Oppure immaginare i passi da fare – senza grande sforzo creativo, visto che tutti i parametri sono saltati. Se il terreno è pronto, le donne restano l’anello debole. Rappresentano una percentuale sproporzionatamente più ampia di occupati nei settori sanitari – più a rischio di contagio – e nelle professioni più colpite dai blocchi – dalla ristorazione al turismo. Ma sono anche quelle che per prime chiedono (unapologetic come mai) novità – di trattamento, di gestione sociale… Inoltre, caratteristiche più tipicamente (so di generalizzare) femminili come l’adattabilità, sono centrali nel rispondere ai nuovi bisogni del lavoro.

a Servono modelli di organizzazione professionale e personale che si adattino al presente fatto di distanziamento, possibili chiusure parziali, socialità modificata. D’improvviso rivediamo priorità e spazi e, lavorando in modo “smart”, ne scopriamo limiti e pregi. Certo non possiamo pensare a un futuro fatto solo di web-call e webinar, ma possiamo ri-pensare alla conciliazione tra lavoro e vita privata che meglio si adatti alle caratteristiche individuali. Non più “one size fits all”.

mp Meno spazio fisico e più mobilità intelligente. Sicuramente in Olanda, dove vivo, il passaggio al lavoro e all’istruzione digitale è stato più facile che in Italia – penso per esempio alle 24 ore che sono bastate a marzo alle scuole per riorganizzarsi, favorite da un accesso alla tecnologia diffuso già dalla scuola primaria. In generale comunque, almeno guardando certe professioni, il cambiamento ha tutte le carte in regola per essere duraturo. Conviene un po’ a tutti.
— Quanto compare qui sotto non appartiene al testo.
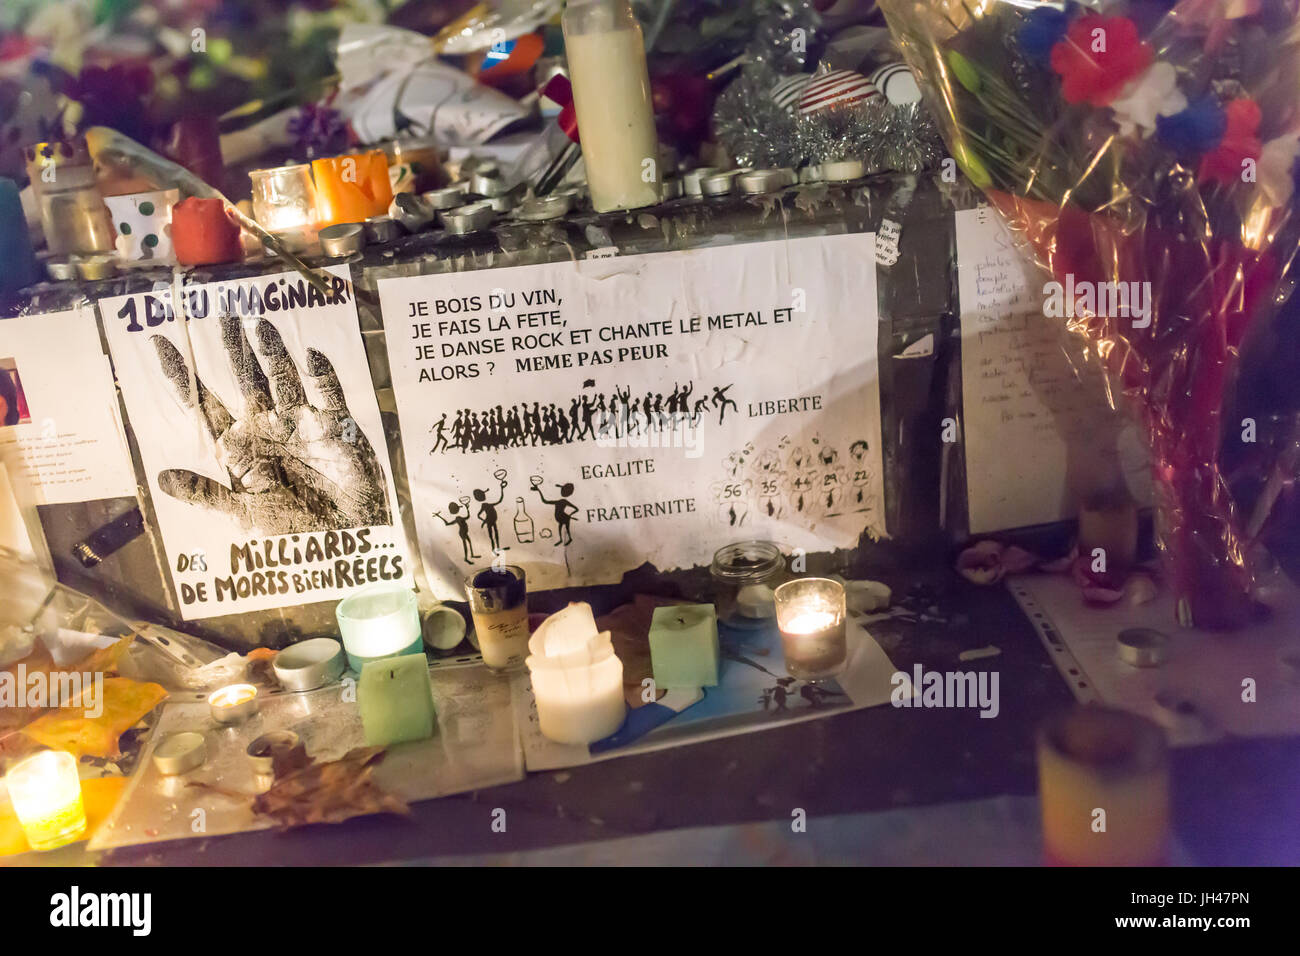 Paris lebt noch, keine Angst. ein paar Noten. Spontane Hommage an die Opfer der Terroranschläge in Paris, den 13. November 2015. Stockfoto

a Non bisogna pensare però che lo smart working sia la soluzione definitiva. Può influire negativamente sulle carriere delle donne se pensato come misura di conciliazione. Mentre può
e deve essere strumento di efficientamento dei tempi di lavoro, per tutti. Servirebbe per esempio una totale trasparenza nelle scelte dei profili, magari anche attraverso forzature imposte, come succede con la legge italiana che introduce quote di genere nei cda delle società quotate. Ma serve anche una nuova cultura della genitorialità, del bilanciamento degli impegni di cura – che in certi Paesi d’Europa è a un livello più avanzato –, dell’assistenza all’infanzia. Soluzioni innovative capaci di favorire anche il rilancio e determinare una spinta virtuosa in tanti ambiti.

mp Decisamente! Tra gli aspetti positivi del contesto attuale c’è una messa in discussione delle priorità personali e delle aspettative collettive. È un discorso complessissimo, non esauribile in poche righe, ma possiamo immaginare (e sperare) che, costretti da una situazione drammatica, si ripensino anche i propri obiettivi e necessità. E, da qui, si calibrino meglio le richieste per una società più inclusiva.